The third plenary session of the 16th Central Committee of the Chinese Communist Party, which concluded yesterday, is likely to prove to be another historic milestone in China's long road of reform.
The central theme of the meeting's resolution was to improve the socialist market economic system. Significantly, it recognised the importance of establishing a modern system of distinguishing, protecting and transferring property rights as conducive to the protection of private property and the development of the non-collectivist - ie. private - sector of the economy.
This new thinking will be implemented by amending the national constitution. Ex-president Jiang Zemin's Theory of the Three Represents - seen as a way of bringing the private sector into the mainstream - is to be incorporated. But more important, on a practical level, is the proposal to give legal protection to private property rights for the first time. After years of reform and restructuring, a rapidly expanding class of entrepreneurs and professionals who are not employees of the state has emerged across the country. They have become rich principally by applying their skills and talents. Yet, in a communist state that still officially reveres collective ownership and despises private property, they feel insecure. They are yearning for recognition of their contributions to the country's growth as well as for protection of the fruits of their labour.
If the Communist Party is to continue to maintain its grip over the country - which it has every intention of doing - it simply has to absorb them into the party; otherwise, it risks forcing them to band together to form a potentially dangerous opposition that threatens the party's legitimacy. Interestingly, in trying to accommodate the private sector, the party has obviously become less dogmatic. Ideologically, it is looking increasingly like a socialist party in the west, apart from its illogical insistence on one-party rule.
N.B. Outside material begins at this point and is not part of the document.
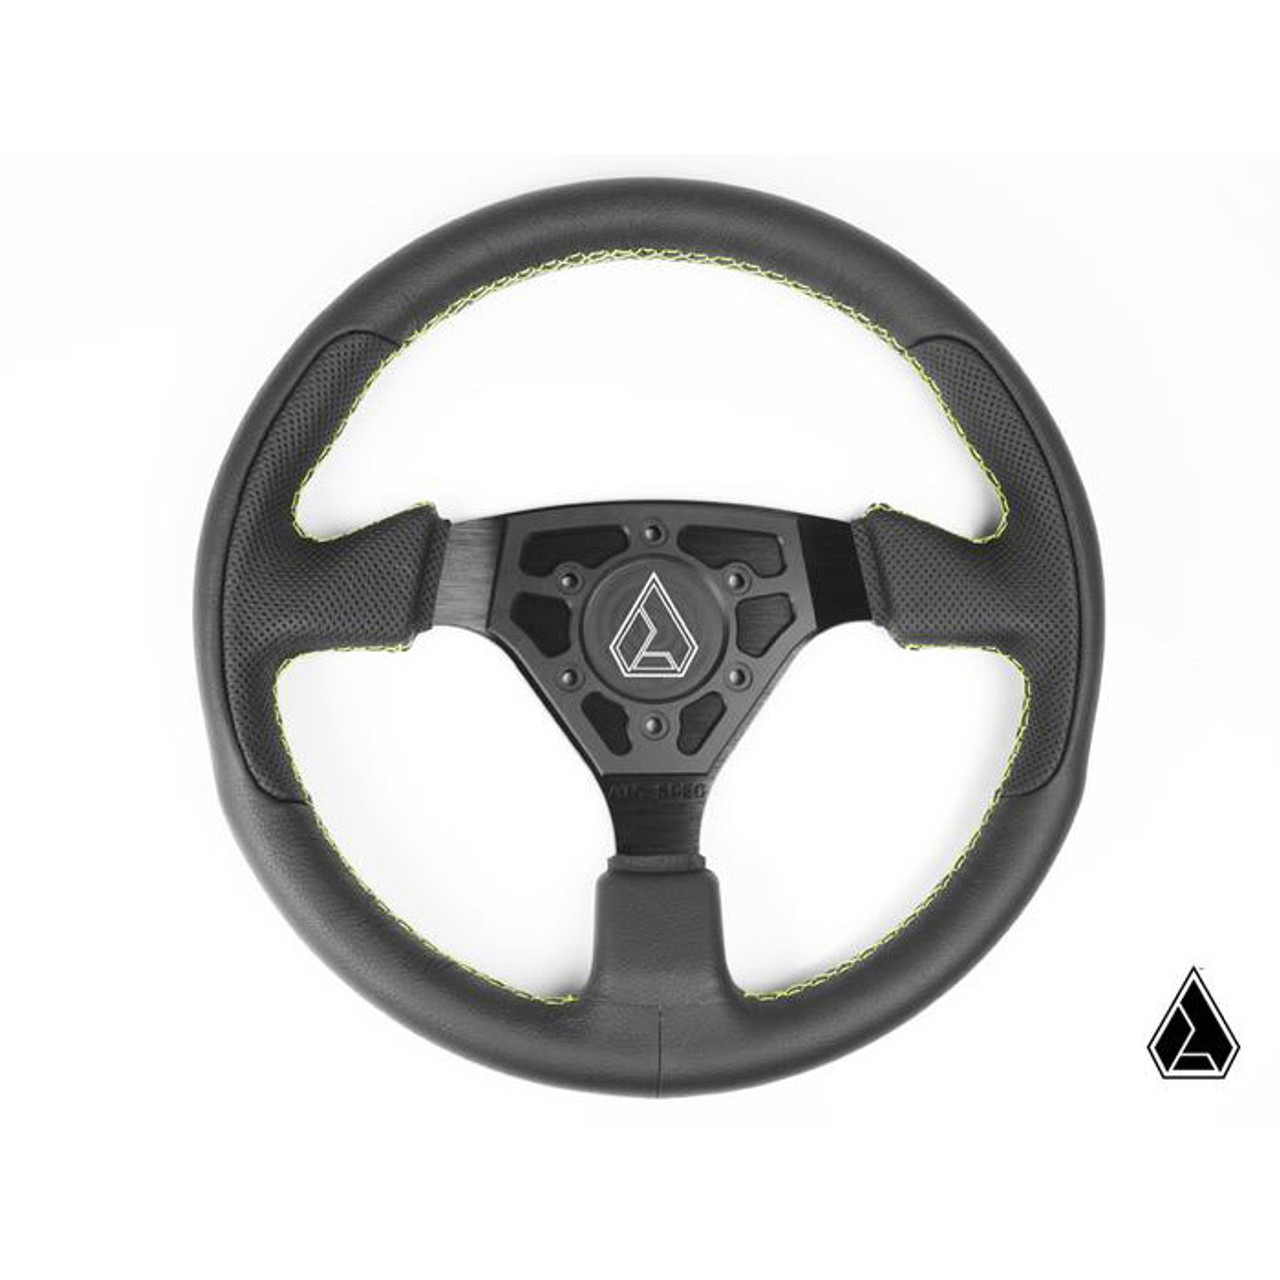 Assault Industries Tomahawk V2 Steering Wheel (Universal) additional image 5

Surely, past reforms over the years have established a strong foundation for the country to embark on further growth and metamorphosis. At the same time, the country also faces numerous problems - mass unemployment, a widening wealth gap, rampant corruption and a government that is overly intrusive, inefficient, unaccountable and opaque.
This is an opportunity for the new leaders - who only took over the helm of the party a year ago - to make their own mark on the agenda that China will be following in the years ahead. It is time to shift gear and move on.